Figure 7 displays the central Lusitanian Basin, showing the location of the interpreted 2D seismic line AR9-80 (Rasmussen et al., 1998) used in this research and the positions of the analyzed exploratory wells Benfeito-1 (Bf-1) and Freixial-1 (Fx-1). The seismic line AR9-80 is presented in the Multiscale Characterization (Section 4.2), showing the interpreted horizons penetrated by wells Bf-1 and Fx-1, which traversed the entire Cabaços Formation, reaching Lower and Middle Jurassic layers, respectively. The results present the composite profile of the Freixial-1 (Fx-1) exploratory well, which penetrated 299 m of Cabaços Formation carbonates (from 1885m to 2184 m), highlighting the potential microbialite reservoir.

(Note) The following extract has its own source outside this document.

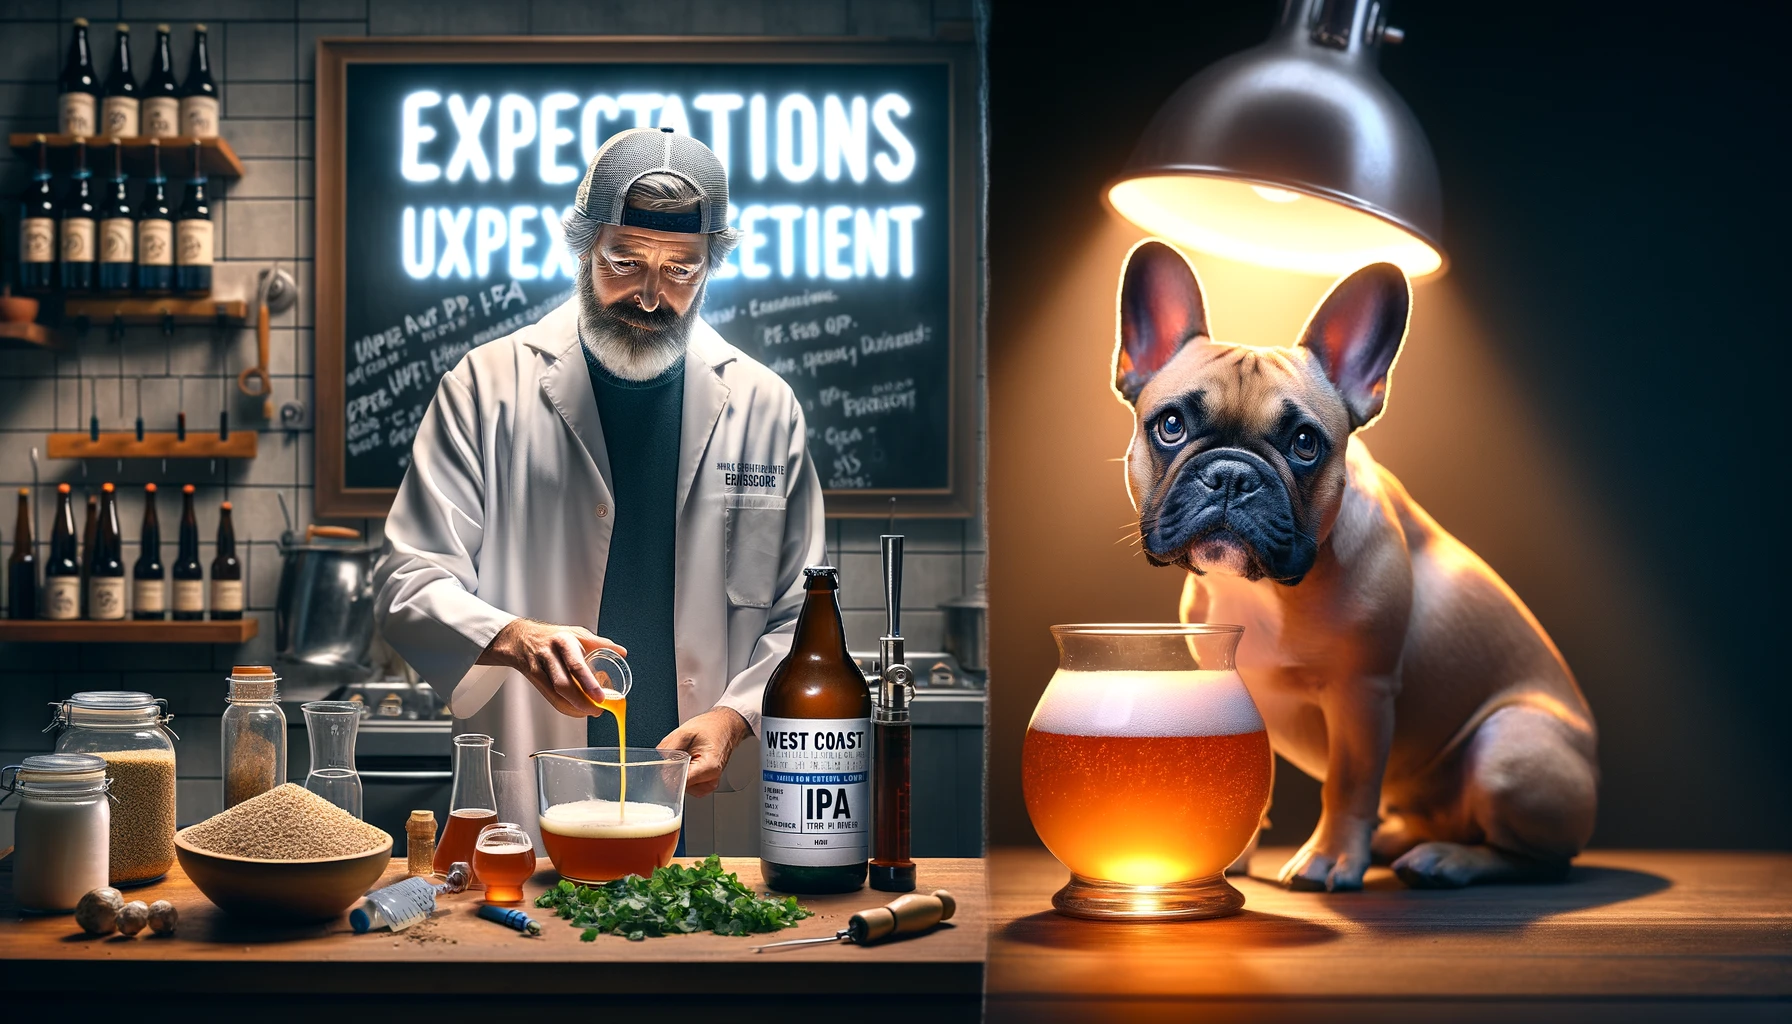 A visually engaging image showing a split scene_ on the left side, the ingredients and setup for a New England IPA with the word 'Expectations' floati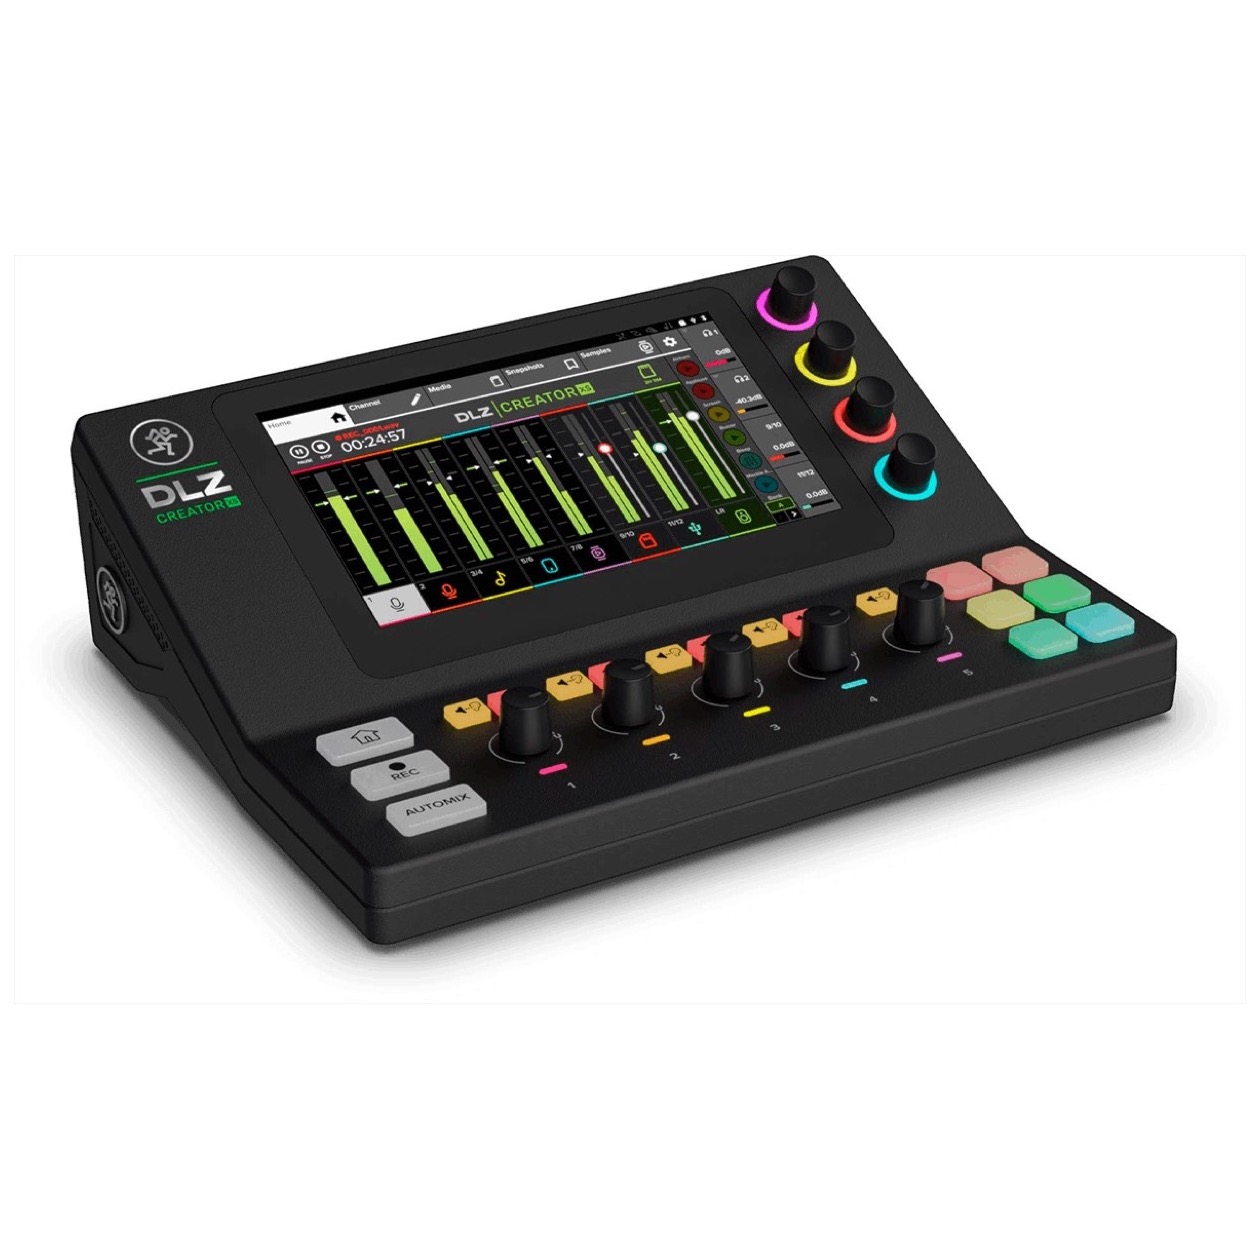 Mackie DLZ Creator XS compact and adaptive digital mixer for podcasting and streaming, featuring Mix Agent technology

Figure 7. Location map of the 2D seismic line AR9-80 and wells Aldeia Grande-2 (Ag-2), Freixial-1 (FX-1), and Benfeito-1 (Bf-1); line H with wells Lourinhã-1 (Lo-1) and Campelos-1 (Cp-1); and outcrops of the Cabaços Formation and its chrono-equivalent Vale Verde Formation (Cabo Mondego, Praia do Pedrogão, and Vale das Rosas). Seismic lines, wells, and outcrops used in this study are indicated by red arrows (adapted from DGEG Direção Geral DeEnergia E Geologia, 2021).
Geochemical analyses of TOC and kerogen type from the Vale Verde Formation (Cabo Mondego outcrop) and Cabaços Formation (Vale das Flores outcrop) (Spigolon et al., 2011) are presented in Section 4.2, demonstrating the generative potential of organic-rich portions of these formations. Six petrographic analyses of Upper Jurassic Vale Verde Formation carbonates from the Pedrogão Beach outcrop, conducted by the Atlantis Project (Federal University of Sergipe), are presented in Section 4.2.
The Multiscale Reservoir Characterization (CAMURES) method (Garcia et al., 2014) forms the basis for the multiscale characterization presented in Section 4. This characterization, used as the first stage of the investigative methodology, aims to demonstrate active petroleum systems in each basin. It incorporates schematic geological sections/event charts, interpreted 2D seismic reflection lines, well data, outcrop data (where available), geochemical analyses of source rocks, and petrographic analyses with diagenetic descriptions. This stage also includes the evaluation of Pg for each reservoir.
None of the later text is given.